Estimating the number of species
As we know, estimating the real number of clusters is one of the most challenging problem. The difficulty primarily attributes to the absence of prior knowledge of the data, in the case of metagenomics the real number of species in the dataset is not known. Moreover, there is no general criteria that may well assess the clusters when we encounter different datasets, in particular, when the number of clusters is big and the data has highdimensional. Despite some methods that are tailored for the datasets with known distribution, here instead we use an easy and intuitive method to estimate the number of species. We exhaustively iterate the kmeans by starting from a small number of clusters and gradually increase it until some criteria is met.
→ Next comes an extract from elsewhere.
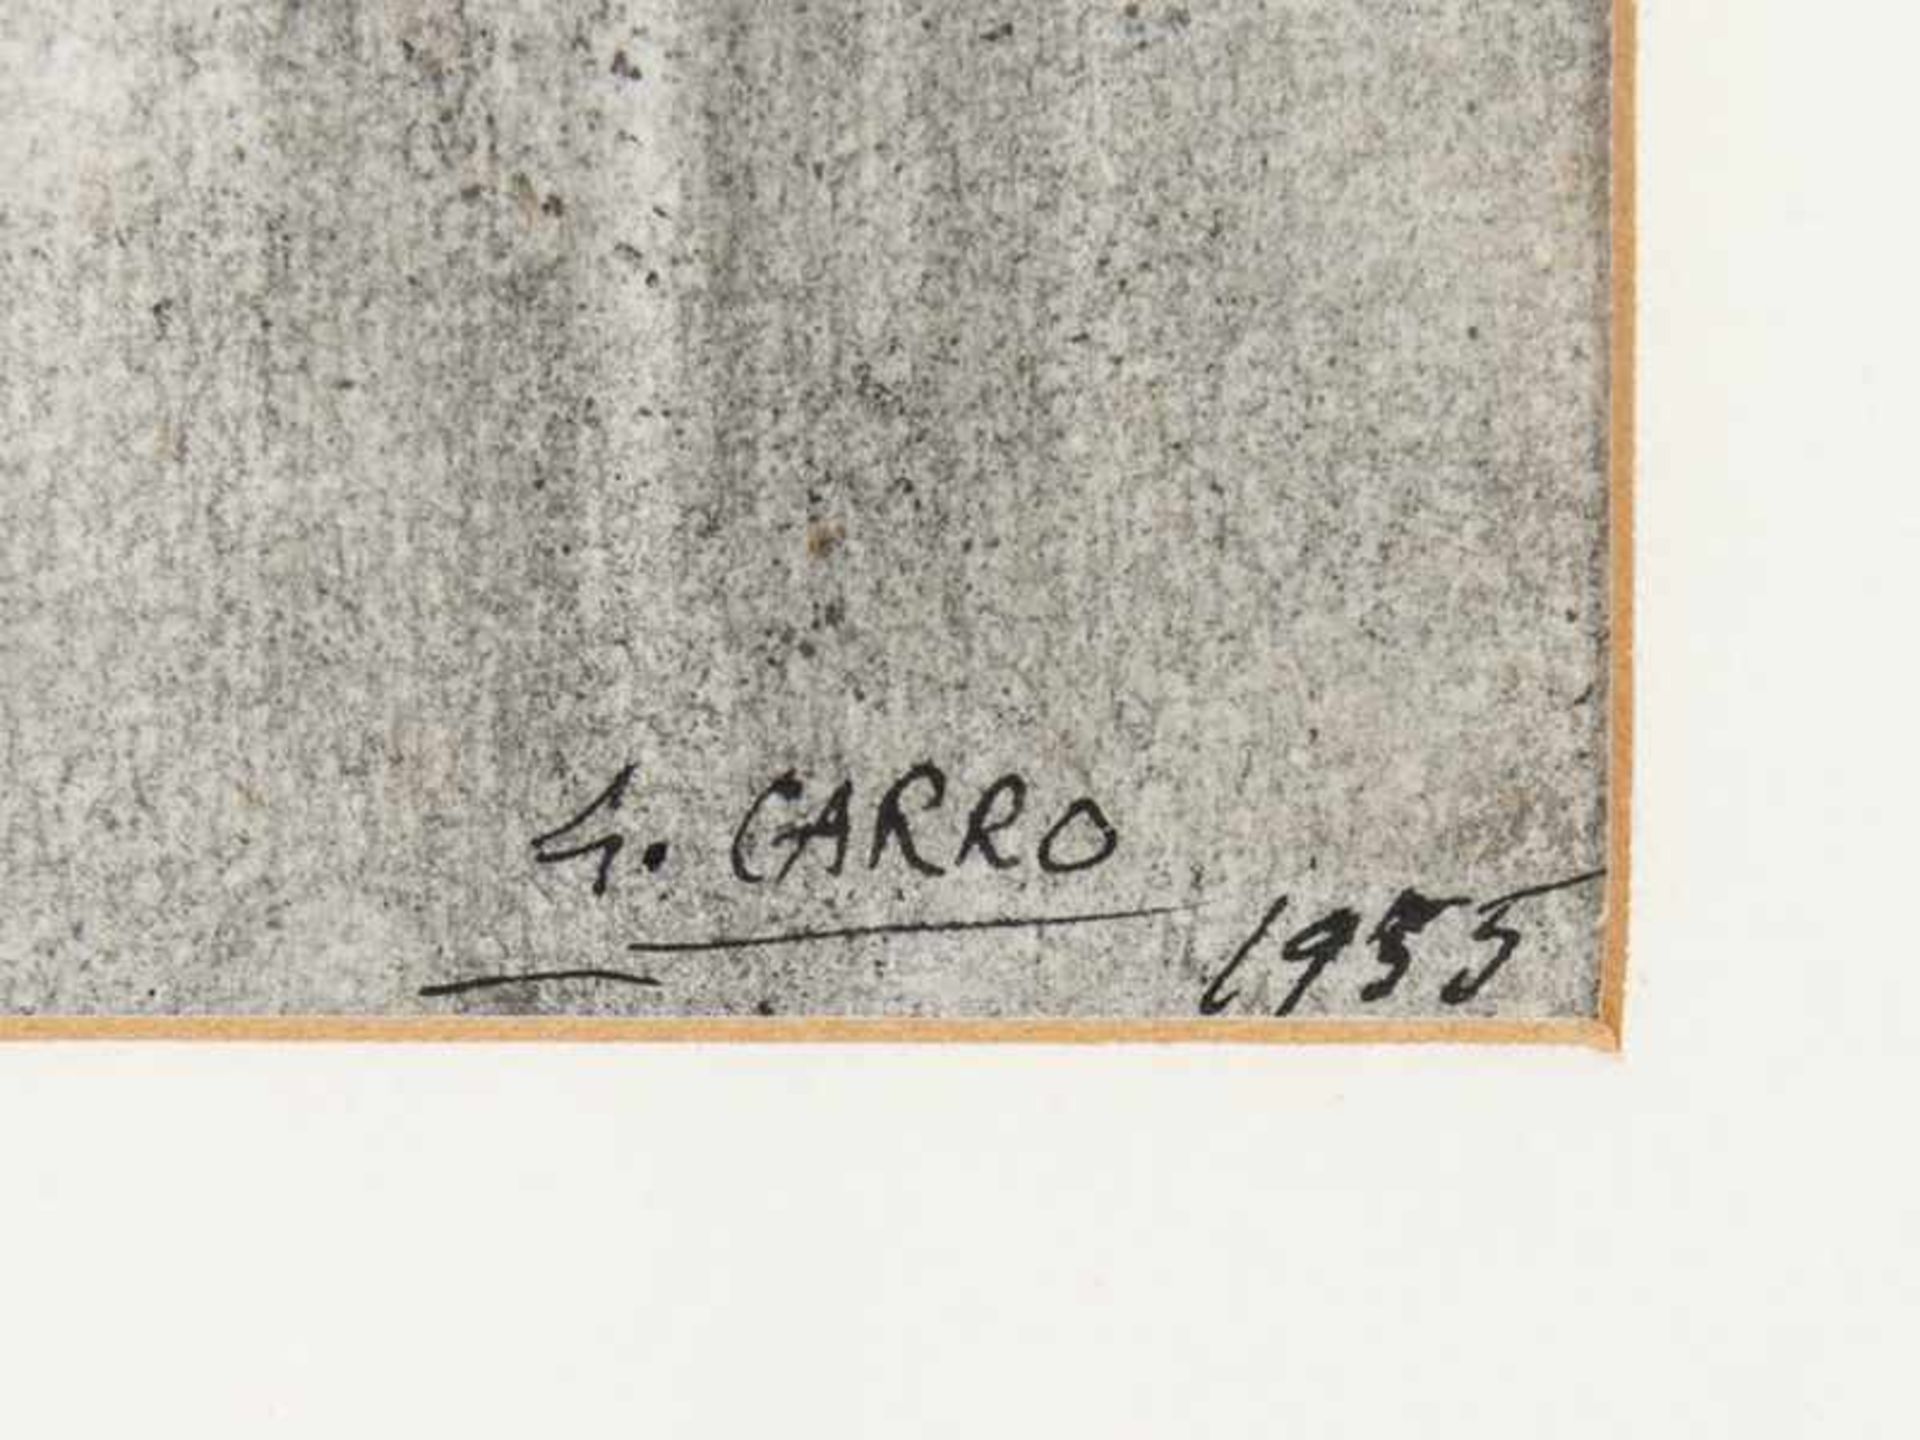 Carro, Guglielmo (1913 - 2001). - Bild 3 aus 10
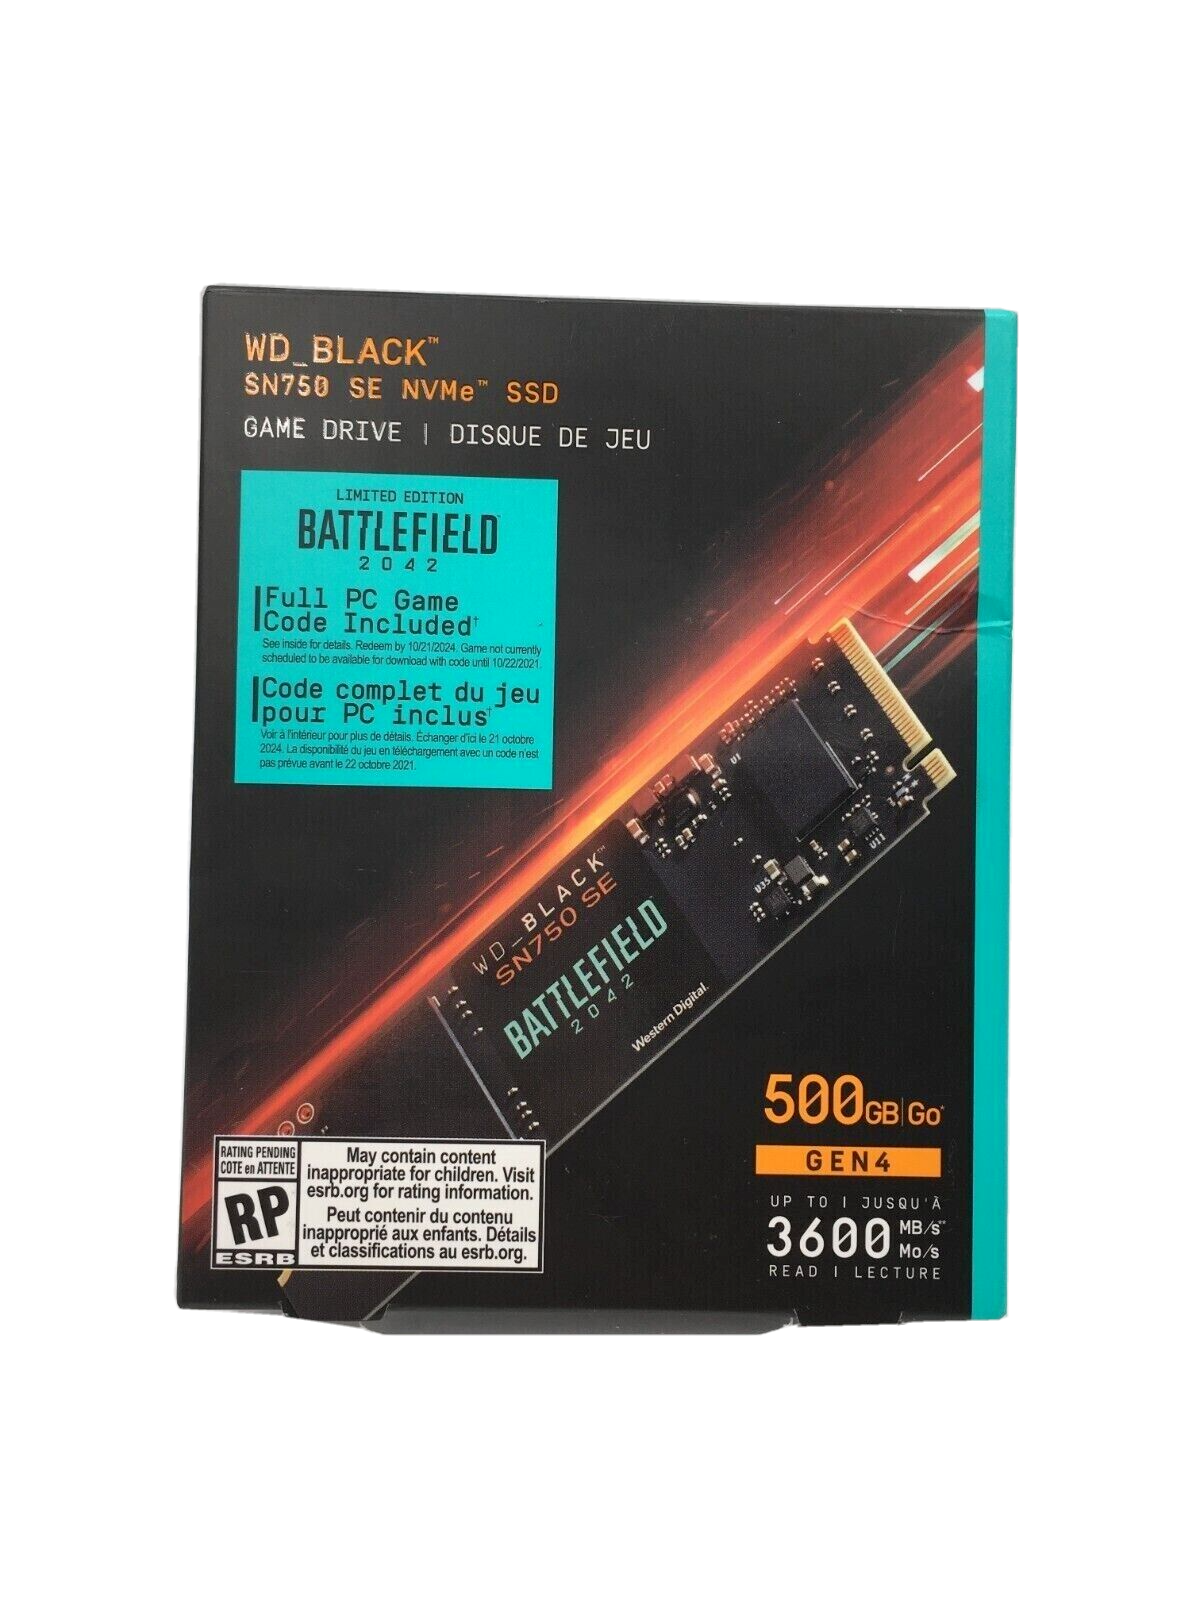 WD_Black 500GB|Go SN750 SE NVMe SSD Game Drive GEN 4 3600 MB/s

This procedure stops when the nonempty clusters are less than 80% of the candidate number of cluster in the corresponding iteration. This iterative procedure might be computationally demanding, to speed up the computation in this paper we use an efficient library implementation [34].
Results and discussion
In order to validate our contribution, we compare it with the commonly known methods CONCOCT, MaxBin 2.0 and MetaBat. In particular, CONCOCT [5] and MetaBat [22] have been reported to be the best performing methods in a recent independent benchmark [7]. All of these tools use as input the composition and coverage matrices, as MetaCon does. MaxBin 2.0 [20] estimates the probability that a contig belongs to a bin based on expectationmaximization (EM). MetaBat [22] starts from one bin, and gradually assigns the contigs to that bin until the centroid does not change, repeatedly for several bins until no contigs are left. CONCOCT [5] applies PCA (principal component analysis) to the feature matrix (composed by coverage and composition matrices) for the sake of dimension reduction and afterward it uses a Gaussian mixture model.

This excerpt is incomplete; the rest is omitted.